Tasha’s body tensed. “Explain.”
“She wouldn’t tell me everything, but she gave me a sense of how Wonderland works.”
“We’re listening,” I said.
“When people arrive at Wonderland they’re either alive or dead,” Bettina said. “In our case, we’re all alive. But some of the others that are there…they’ve been given a second chance.”
“To do what?” Topher asked.
Bettina looked into our eyes. It felt like she was trying to read our minds. I wondered if this was a tactic she used on her unsuspecting customers who came to her convinced she could see into their future. It was effective. I was starting to believe her. “To change their fate,” she said. “Their outcome.”
I stood up partly because the wooden folding chair was hurting my back but mostly because the realization of what Bettina was saying—and what Wonderland was really about—hit me hard. “What you’re talking about is crazy,” I said.
She raised a pierced eyebrow. “Is it?”
“Magic is one thing,” I told her. “But bringing someone back from the dead?”
Tasha and Topher looked up at me. I glanced down at their wide-eyed expressions. “Destiny, what are you saying?” Topher asked.
“We were picked for a specific purpose. A reason,” I explained. “Adrianna saw something in the three of us. That’s why she brought us to Wonderland. She knew we would believe in it. She said we had to be certain. We had to feel it in our hearts.”
“I felt it,” Tasha said. “In the courtyard with Juliet. I’ve never felt that way before about anything.”
“Same here,” Topher said. “When I was with Pablo…nothing else mattered.”
“You don’t have to explain it to me,” I said. “I know exactly what you guys are talking about. Dominic made me feel…”
“Like you were falling in love?” Bettina asked.
I nodded in reply.
“Maybe the six of you have more in common than you think,” Bettina suggested. “Maybe you each lost somebody who was really important to you.”
“Like who?” Tasha asked. “The only person I’ve ever known who died was my father.”
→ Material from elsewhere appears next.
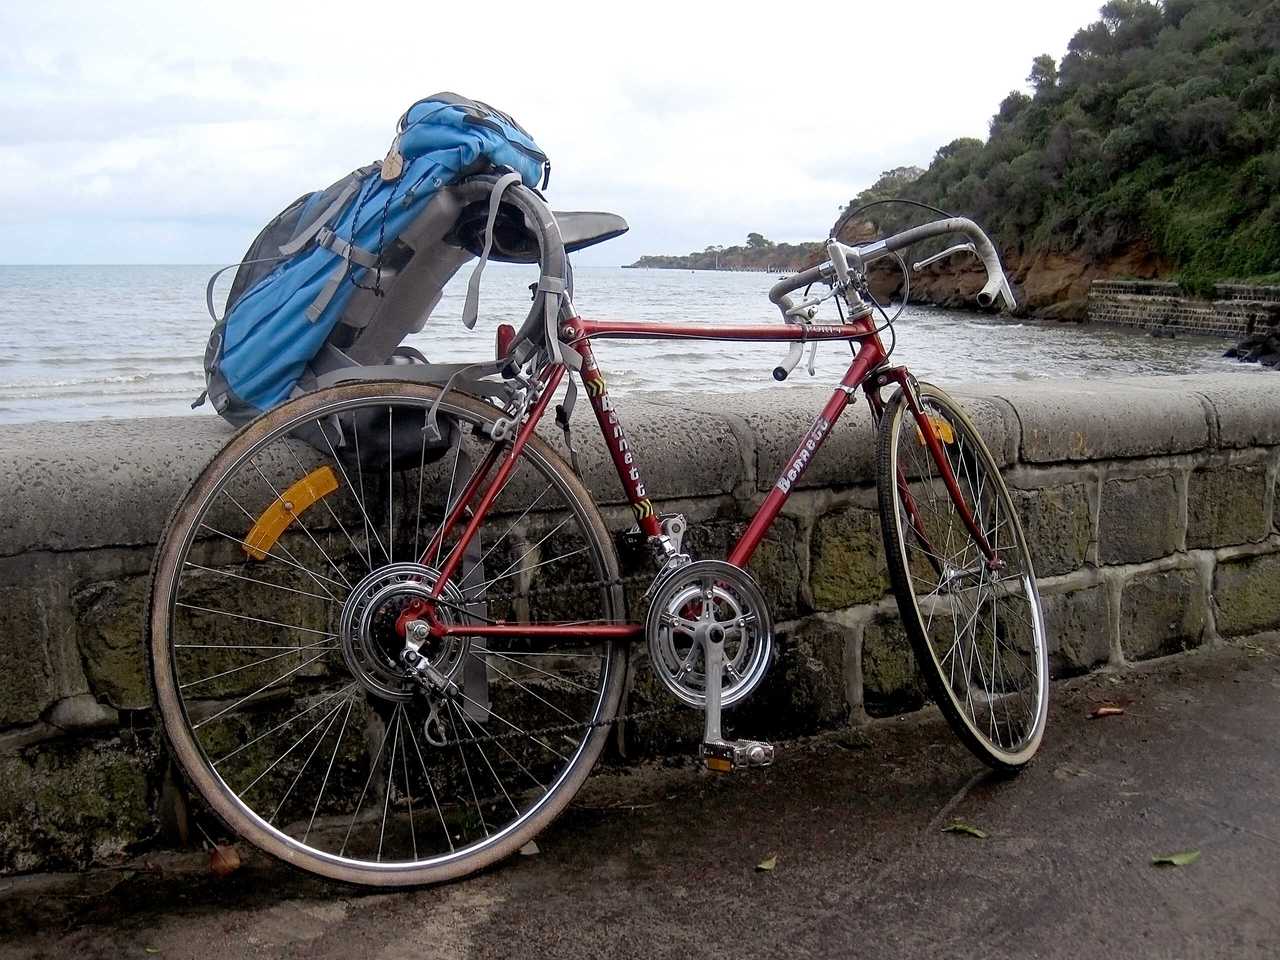 La mia prima bici australiana acquistata di seconda mano su Gumtree. Mordialloc, VIC, Australia. 2012.

“Maybe Adrianna is going to give you a chance to reconnect with him,” I said.
“Why would she?” Tasha said. “I don’t mean any disrespect, but his death wasn’t exactly a big loss.”
“You weren’t close to him?” I asked.
“He wasn’t close to anybody,” she said. “Except Jack Daniel’s. He drank himself to death. Got so messed up one night he drove himself into a telephone pole. He died on impact.”
“So you wouldn’t bring him back?” Topher asked.
Bettina hopped down from the edge of the stage. “I know who I’d bring back,” she said. “My grandmother. What about you, Topher?”
“Maybe my dad,” he said. “Although I’m not really sure if he’s dead or not. No one knows.”
Tasha’s voice rose when she spoke. Her words were sharp. “Do you guys hear what you’re saying? It’s one thing to stumble upon some magical house, but bringing someone back from their grave? That’s too psycho—even for me.”
A voice tumbled across the theater, reaching us. When we heard his words, we knew weren’t alone anymore. Our secret meeting in the Magic Mansion had been discovered. “It’s not psycho,” Clark said. He was standing in the double doorway leading to the lobby and the makeshift gift shop. He was wearing faded jeans, a red button-up cardigan sweater over a white tee, and a pair of old blue Converse. His hair was messy. Maybe he’d woken from a deep sleep and hurried to get here. To find us. To stop us. “I know what it sounds like, but it’s true.”
I locked eyes with my uncle’s beautiful lover and asked, “How do you know, Clark?”
He held my stare, licked his lips, and then said to us, “Because I died two months ago.”